"He just punched him, he didn't punch him hard," he told the court.
While Taine Tipene chased someone towards the Grey Lynn shops, he said, he lost sight of his cousin.
Moments later he found Luke Tipene on the corner of Coleridge St, bleeding profusely from a wound to the neck.
"He wasn't good," Taine Tipene said.
"We tried to block all his blood from coming out."
Luke Tipene died in Auckland Hospital about four hours later.
Under cross-examination, the witness denied they had gone to the party to fight.
"No I didn't, neither of us did," Taine Tipene said.
"Our intentions weren't to back [our friend] up, our intentions were to pick him up."
Crown prosecutor Brian Dickey told the jury Skeen became "enraged" after the victim had punched him, and sought retribution, allegedly finding a beer bottle in the back of a ute and smashing it to form a "protruding, jagged blade".
There were at least seven blows with the weapon, according to the Crown, one of which caused a 12cm wound, which stopped just short of Tipene's spine and pierced his jugular vein.
Yesterday Togiavalu, 20, broke down in court as she recounted the sound of a beer bottle smashing on concrete.
Skeen began swinging at Tipene with the shard of glass as the victim backed off with his hands up, attempting to defuse the situation, she said.
"Then the bottle went into Luke's throat."
Togiavalu and her cousin retreated to the roadside as the melee subsided.
"I was a little bit in front of him and I turned around and he dropped his hands and all the blood started squirting out of his neck," she said.
"He was whispering the word 'ambulance' and I started screaming for help. I was just sitting there holding him, trying to stop the blood."

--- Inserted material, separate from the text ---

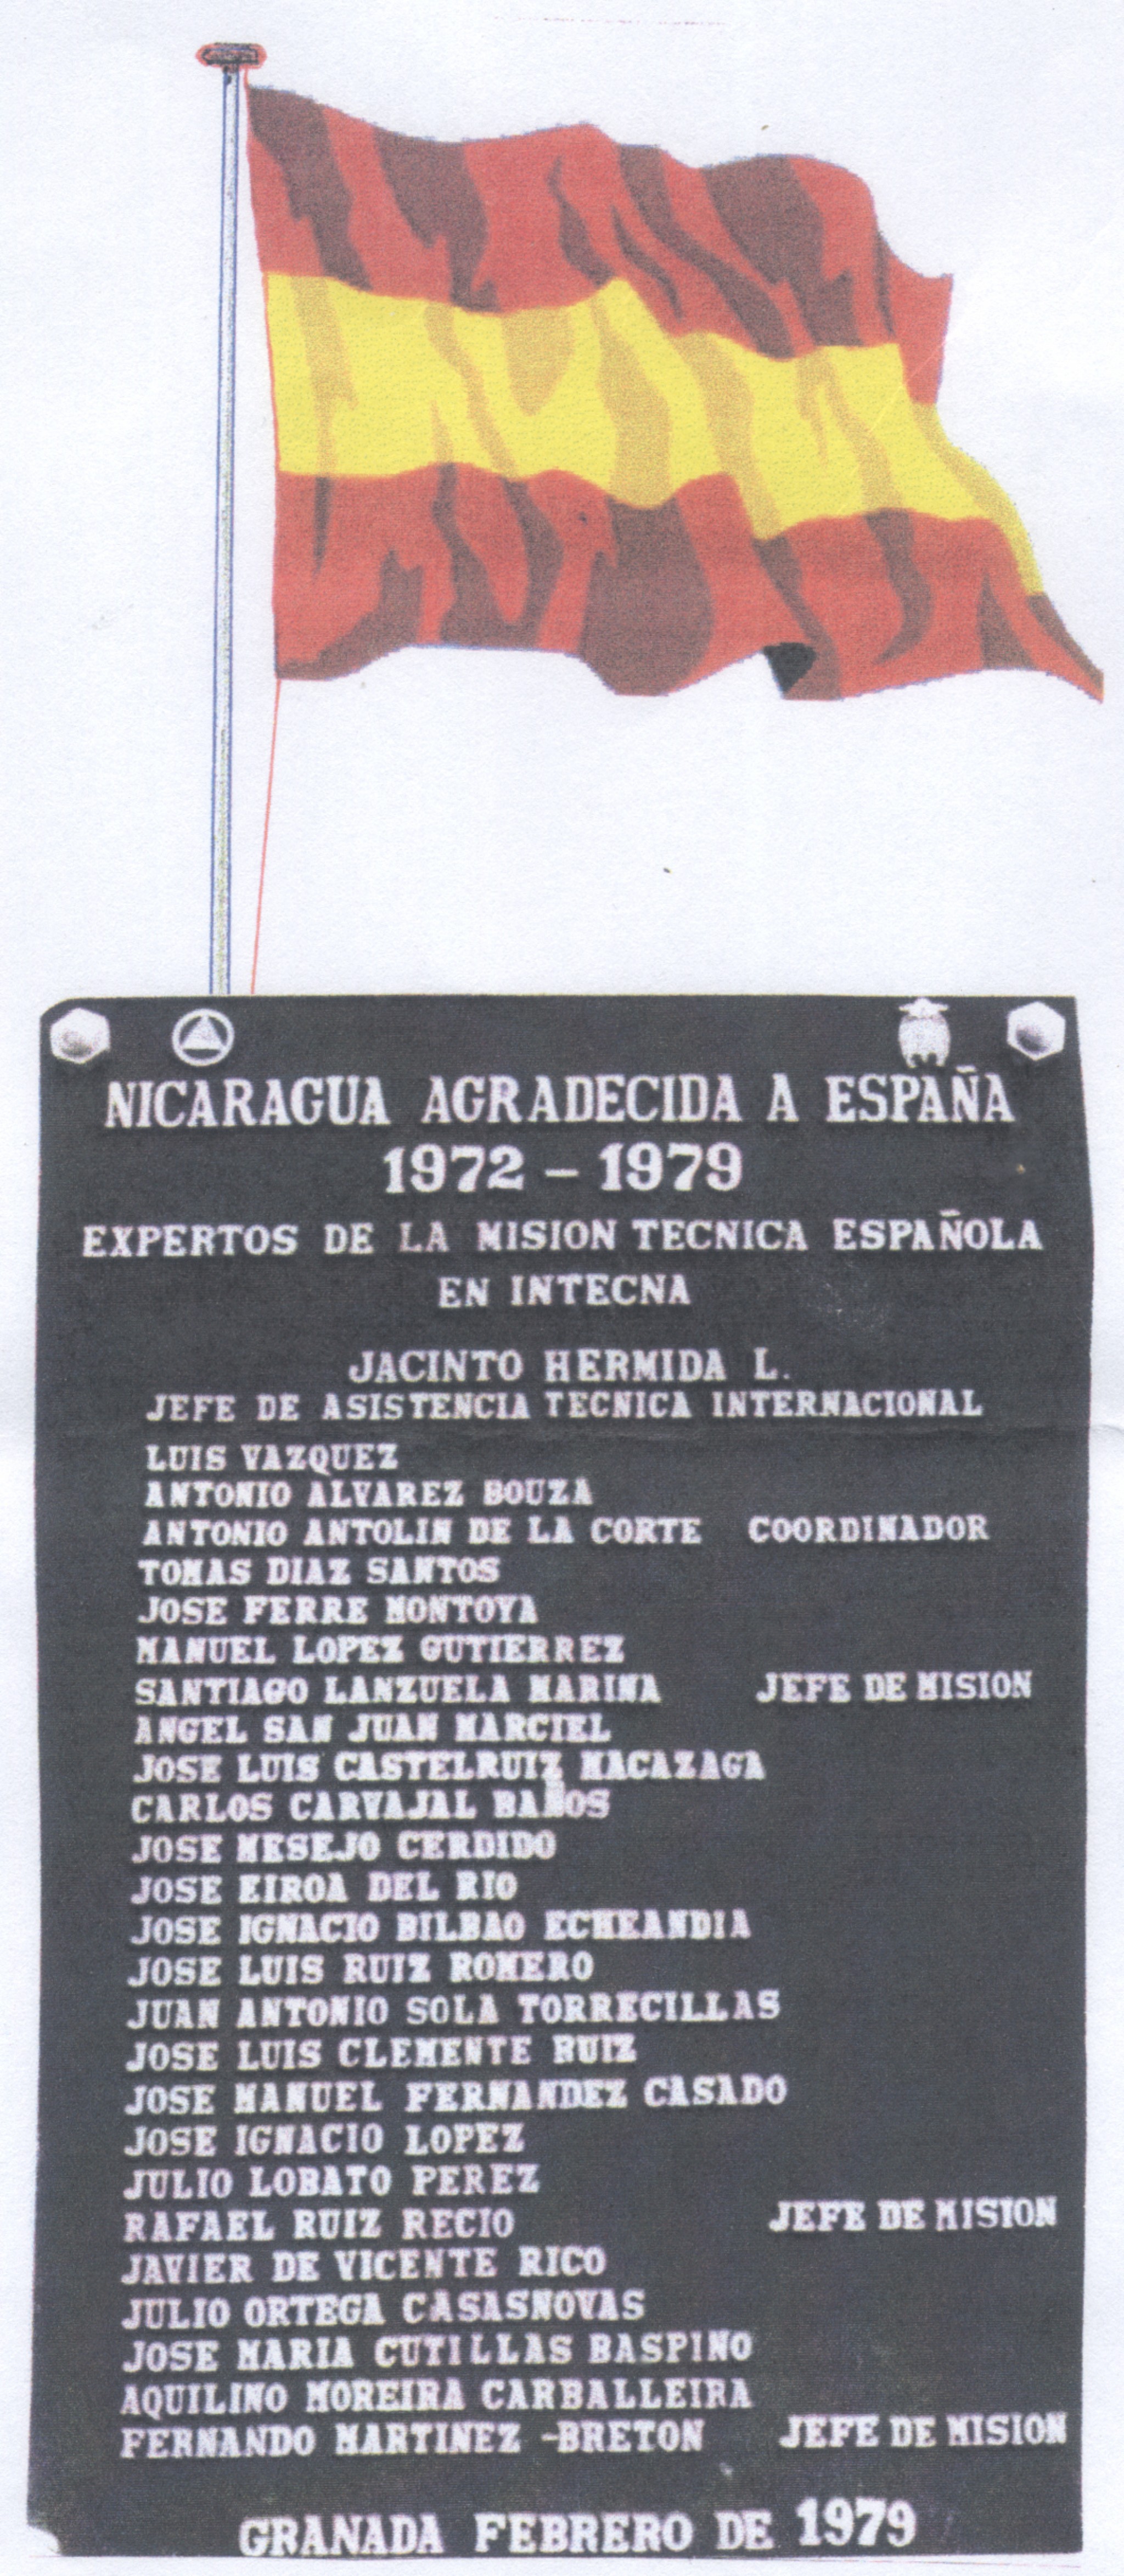 Imagen 1. Instituto Tecnológico Nacional (intecna) en las afueras de la antigua ciudad de Granada, en Nicaragua

Defence counsel Lorraine Smith said her client, who was 16 at the time, may be guilty of manslaughter but lacked the requisite intent to be convicted of the more serious charge.
"The Crown will have to prove beyond reasonable doubt that Skeen, swinging out with a broken bottle, turned his mind to the fact that what he was about to do might well kill and he decided to take the risk regardless. The defence says that's simply not the case," she said.
It is the second trial for Skeen, after a jury failed to reach a verdict last year.
The trial continues.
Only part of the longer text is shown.